Dallas’s Texas Health Presbyterian Hospital has come under fire over lapses in its care of Thomas Eric Duncan,
the Liberian who was the first Ebola patient in the United States. At
least two nurses who cared for Duncan became infected. But residents
here are quick to defend “Presby,” as the well-regarded hospital is
known, saying that the U.S. government initially failed to provide the
hospital’s staff with adequate protective gear and training.
In that sense, the Ebola crisis that so randomly landed in
Dallas has become wrapped up in the suspicions that many people in this
conservative city have about the federal government. There is a
consensus among scientists that Ebola isn't an airborne virus and is not at all likely to become one, for example, but not everyone here believes what scientists are telling them.

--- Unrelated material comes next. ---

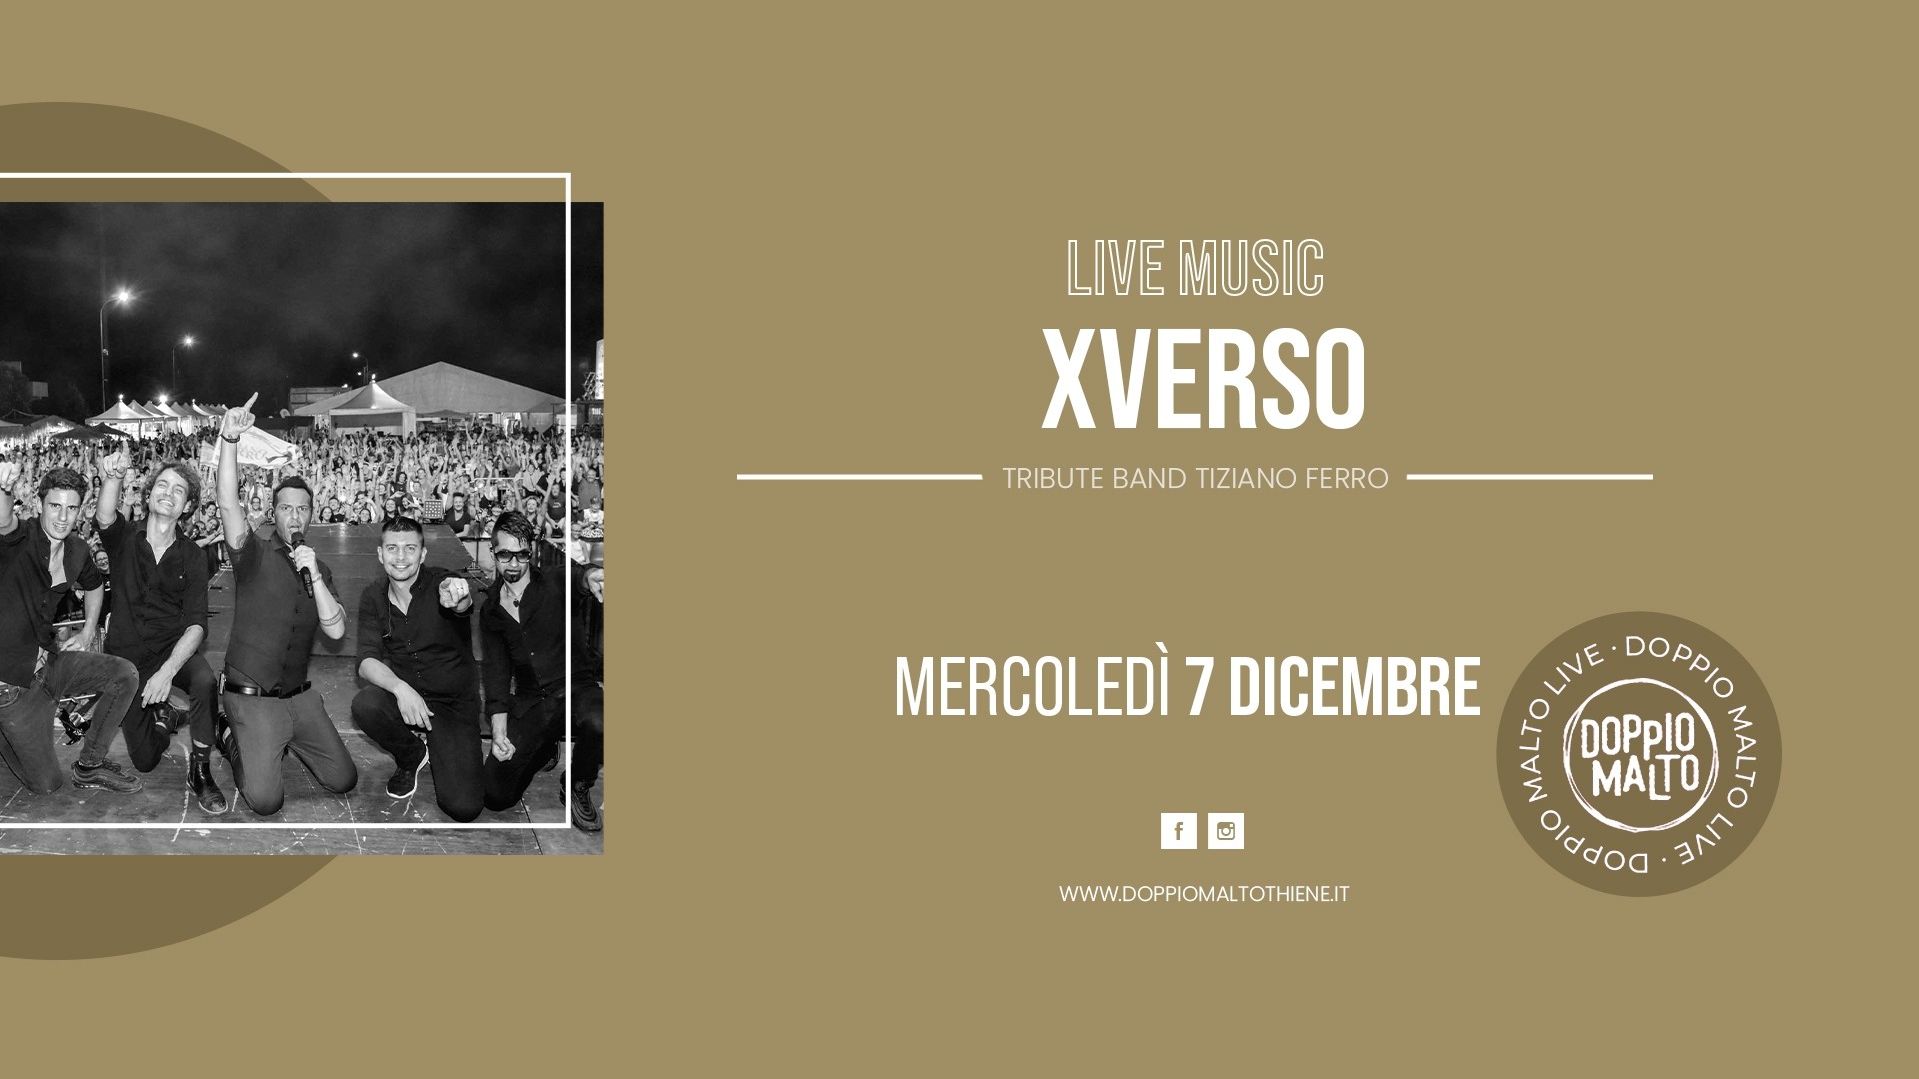 Xverso - Tribute Band Tiziano Ferro

"Viruses can mutate and become airborne," Grace Joines claimed during a recent town hall meeting on Ebola in the Lakewood Theater,
an Art Deco movie house here. Joines, who identified herself as a
health-care worker, said she believes the government is "holding
something back."
Such are the contradictions, anxieties, and budding
conspiracy theories that have circulated in Dallas since Duncan traveled
here from Liberia last month, fell fatally ill, and became the United
States' patient zero for a disease whose ravages seem torn from the
pages of the Bible. (See: "Amid Ebola Panic, Separating Fact From Fiction.")
The sprawling metropolis around Dallas and nearby Fort
Worth is where the Ebola crisis landed in the United States—and where
the diagnosis of two nurses who cared for Duncan, Nina Pham and Amber
Vinson, ignited concerns about the disease's potential to spread.

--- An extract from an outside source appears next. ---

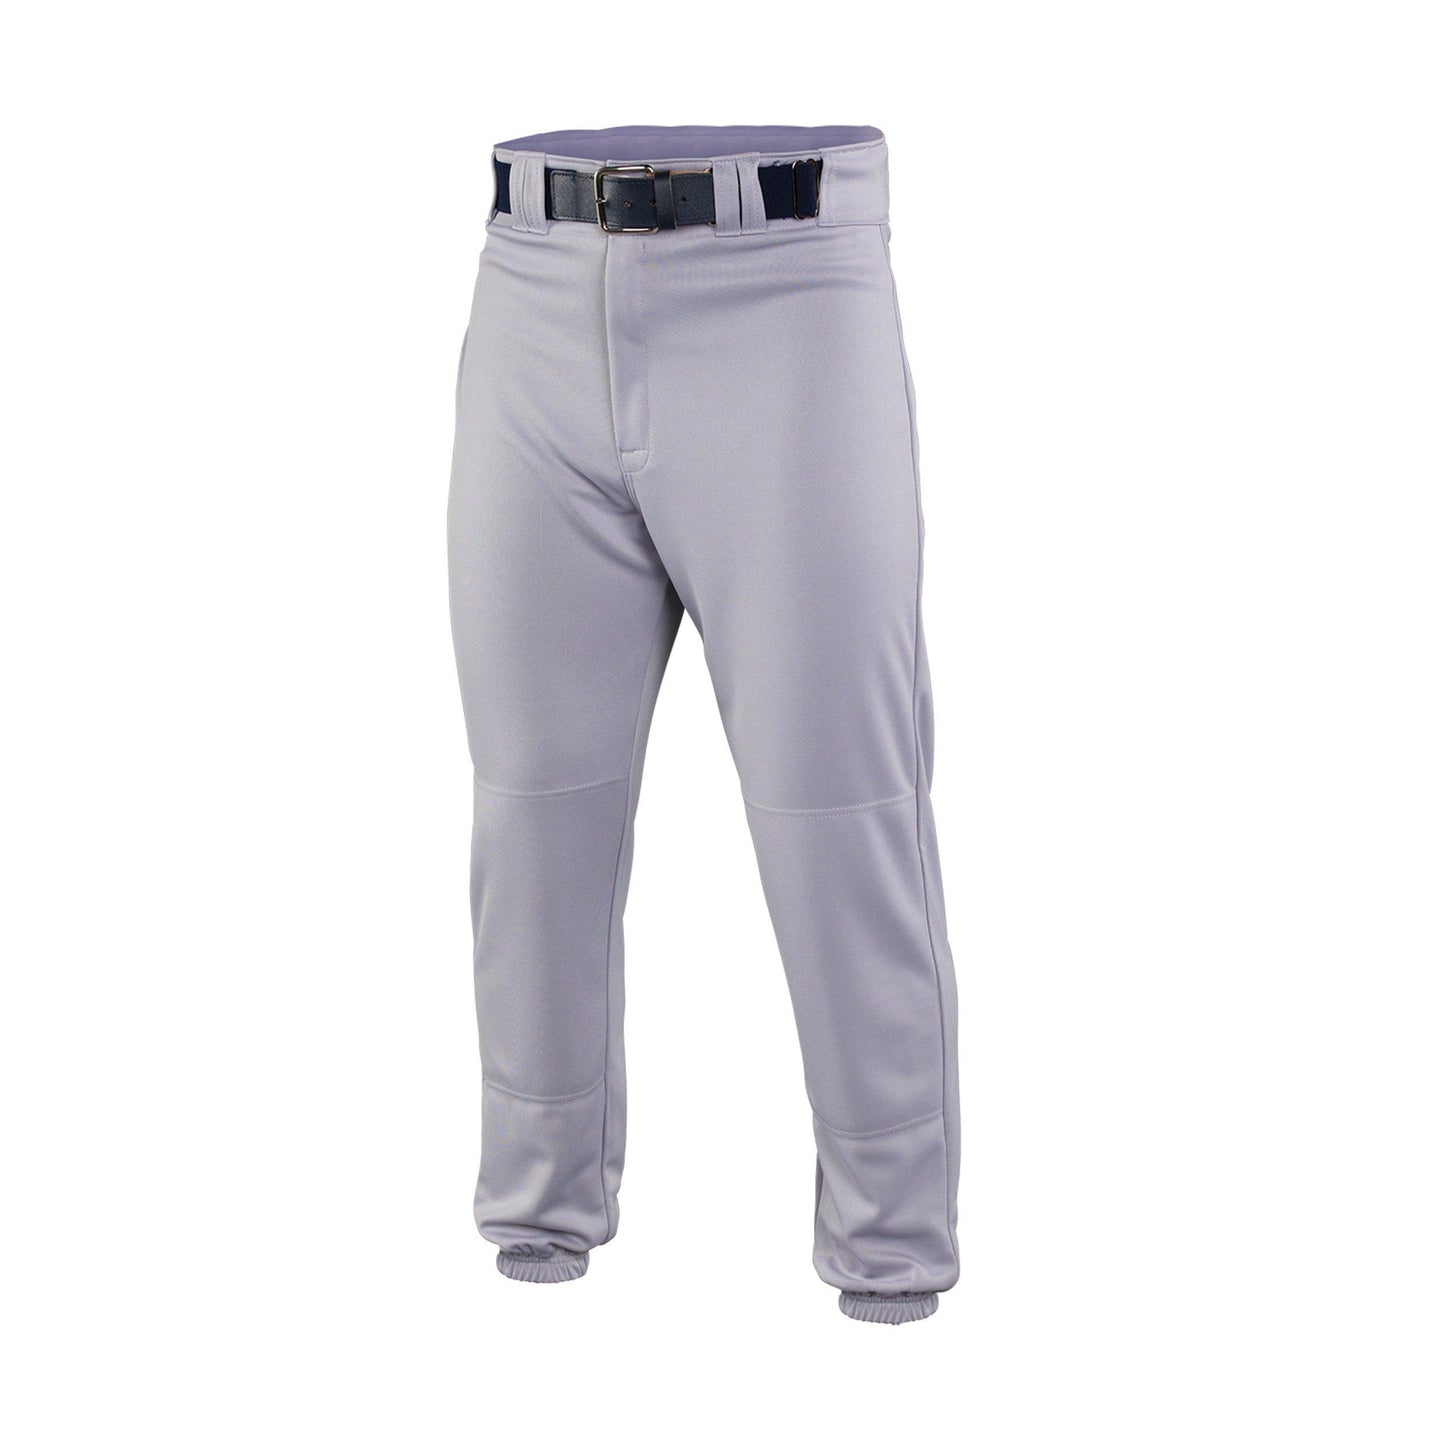 Easton Deluxe Pants Grey

Reassurances by government and hospitals that the situation
is under control were undercut by early missteps, followed by
dramatically shifting responses. (Related: "Every Newly Emerging Disease Like Ebola Begins With a Mystery.")
For months, Centers for Disease Control and Prevention Director Thomas Frieden had
been promising that Ebola could not spread in the United States, where
the medical system would be able to handle a few travelers who'd arrive
with the disease.
Although Frieden says he still wants every hospital in
America to be able to safely identify and treat anyone with Ebola, it
became clear that Dallas's Texas Health Presbyterian was not adequately
prepared to treat Ebola patients. Frieden announced that federal
government was revamping its recommendations to hospitals, and the two infected nurses were moved
from Dallas to facilities in Atlanta, Georgia, and Bethesda, Maryland,
that have more experience handling infectious diseases. Both appear to
be suffering, but are in stable condition.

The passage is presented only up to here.